We used the PACT assessment to classify pretreatment risk factors that may be associated with clinical processes and outcomes. We created an index of the site caseload mix of risky clients using the mean Criminal History Score on the PACT for all clients on the caseload. We dichotomized caseload risk into higher and lower case mixes of risk depending upon whether they were above or below the mean on this index.

Community risk.

We examined the influence of community-level criminal justice risk using annual Index Crime and incarceration rates for each county in Florida and we assigned the appropriate regional score to each family. The Florida Department of Law Enforcement (FDLE) website provided annual Index Crime rates/100,000 residents for each county in Florida. The Florida Department of Corrections website provided estimates of county incarceration rates. We assigned crime and incarceration rates to each client based upon their county of residence.
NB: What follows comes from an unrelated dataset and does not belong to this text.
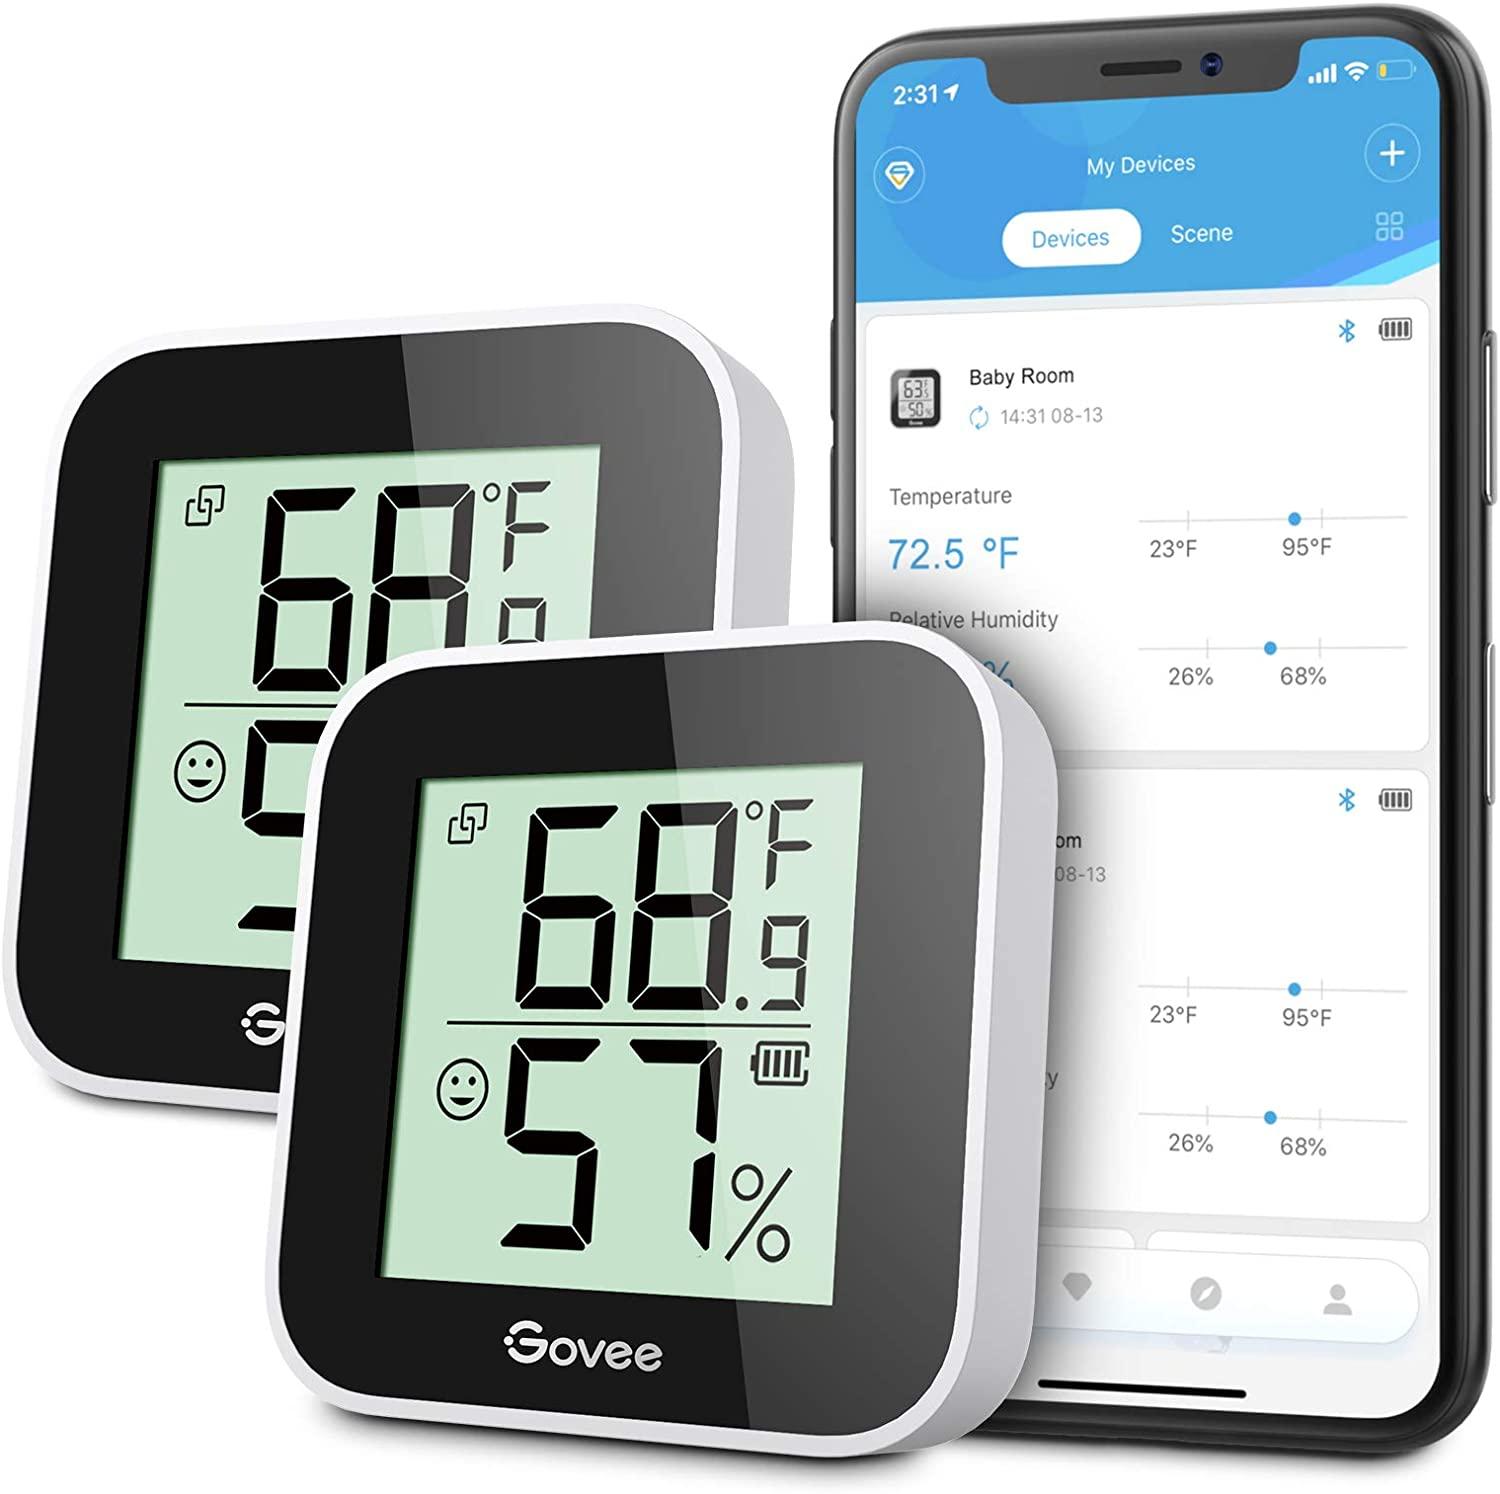 2 Govee Temperature Humidity Monitor for $14.99

Information concerning these measures are available in Table P1 in the Online Supplement.

Therapist supervision procedures and fidelity assessment.

FFT therapists received standard FFT training and supervision procedures (Alexander et al., 2013). The training included ten days (five, 2-day trainings) of didactic, on-site workshops. Additional training and supervision occurred in one-hour weekly group consultation calls led by expert FFT-LLC consultants over 1 year, and ongoing support to an on-site clinical supervisor via telephone calls after the first phase of training. In addition to providing feedback on cases, the consultants (initial phase) and supervisors (after initial phase) rated the therapist’s compliance with administrative procedures (e.g., completing case notes), and the therapist’s fidelity to FFT principles. The supervisor rating scale ranged from 0 to 6, and we dichotomized these ratings into scores above or below the minimally accepted threshold (> 3.0).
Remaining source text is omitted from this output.